Ciertamente, todavía hoy, corren en los mentideros universitarios cordobeses
referencias a una mujer de pelo oscuro que se manifiesta al final del
mencionado pasillo o en las escaleras. Se entiende que se trata de una de esas
madres que, durante el uso del edificio como hospital materno-infantil, perdió
a su hijo, o se lo arrebataron, o no sé qué, la verdad. Se habla, por supuesto,
de ascensores que se ponen en marcha solos —sin participación de pasajeros—,
voces tremebundas de ultratumba y demás eventos típicos.
Quede
constancia de que no creo en estas cosas. Los muertos, muertos están; y si yo
no los molesto, que no me molesten ellos. Aunque lo mismo que afirmo esto,
garantizo que, de tropezarme algún día con un espectro con ganas de marcha
aterrorizadora, el menda suscriptor, si sobrevive a la parada cardíaca, pillará
puerta, desapareciendo su geta hasta del carné de identidad.

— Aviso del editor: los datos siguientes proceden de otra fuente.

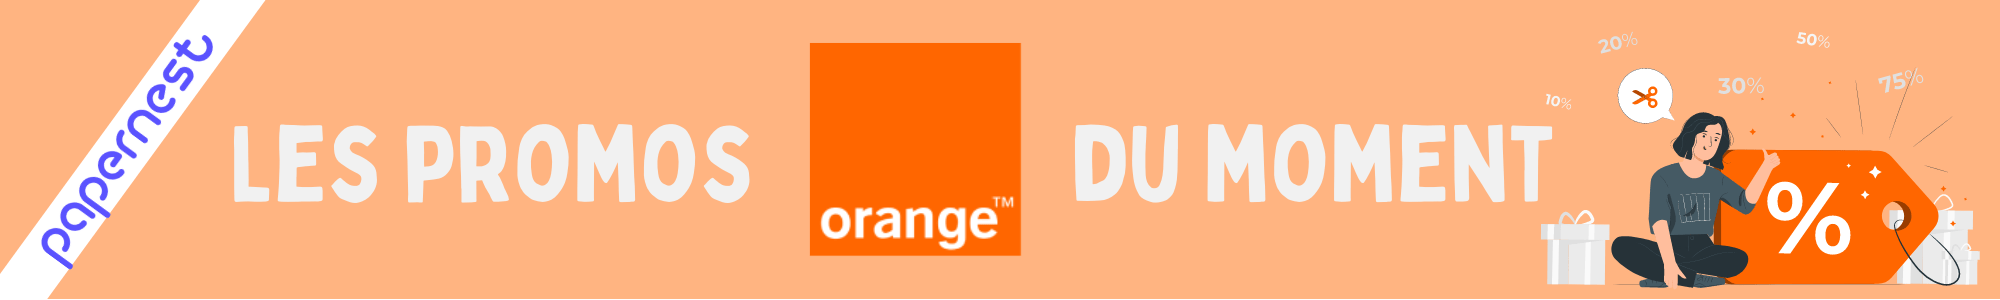 Promosi Orange

Fijo.
En
mi época, sí fui espectador de otra clase de presencias. Otra variedad de
fantasmas y fantasmadas. Alumnos y profesores que destacaban por ellas. Así, no
era difícil encontrar al alumno lameculos capaz de vender su alma a base de
incontables peloteos —sonrojarían al más dedicado aspirante a un puesto
empresarial— con tal de subir su nota media. O a profesores con la desvergüenza
suficiente como para hacer suyos los trabajos de sus alumnos. Fenómenos
excepcionales, sin duda; aunque, al cabo, fenómenos. ¿Y no son los fantasmas y
sus fantasmadas fenómenos excepcionales?
Sobre
profesores fantasmas y sus canalladas podría firmar varias anécdotas. Como la
de aquél que desechaba toda doctrina que no fuera la que él mismo lanzaba en
clase. Como aquél que, examinando en relación a un artículo aislado del Código
Civil —una pregunta de varias, remarco—, exigía mayor desarrollo que tres
cuartas partes de un folio; no en vano, probó el jugo que podía haberse sacado
al tema cuando, obviando nuestra condición de meros alumnos, mostró una
monografía de ocho centímetros de grosor en torno al dichoso artículo. Como
aquél que puntuaba respuestas a preguntas de desarrollo con milésimas. Como
aquél que, para aspirar a igualar la nota final a la semestral, incluso a
aprobar la asignatura, sugirió al alumno inscribirse en un curso veraniego de
sesenta euros, organizado por el propio sugerente (inconcusamente, el infeliz
discente aún no integraba la lista de inscritos). O como aquél que me soltó: «Comprenda
usted que no puedo aprobar a todo el mundo», acompañando sus palabras con un
movimiento de hombros, encogiéndolos en una extraña mezcla de impotencia y
desdén; a lo cual me hice cargo inmediatamente, faltaría más. Lo que no puede
ser, no puede ser, y además es imposible. Cada cual, chaval —venían a resumir
sentencia y gesto—, se jode cuando le toca. No es nada personal.
En la
Facultad de Derecho de Córdoba, en fin, de estos últimos fantasmas (modelo hijo
de la gran puta), vi algunos; de los de Dickens o Wilde, ninguno.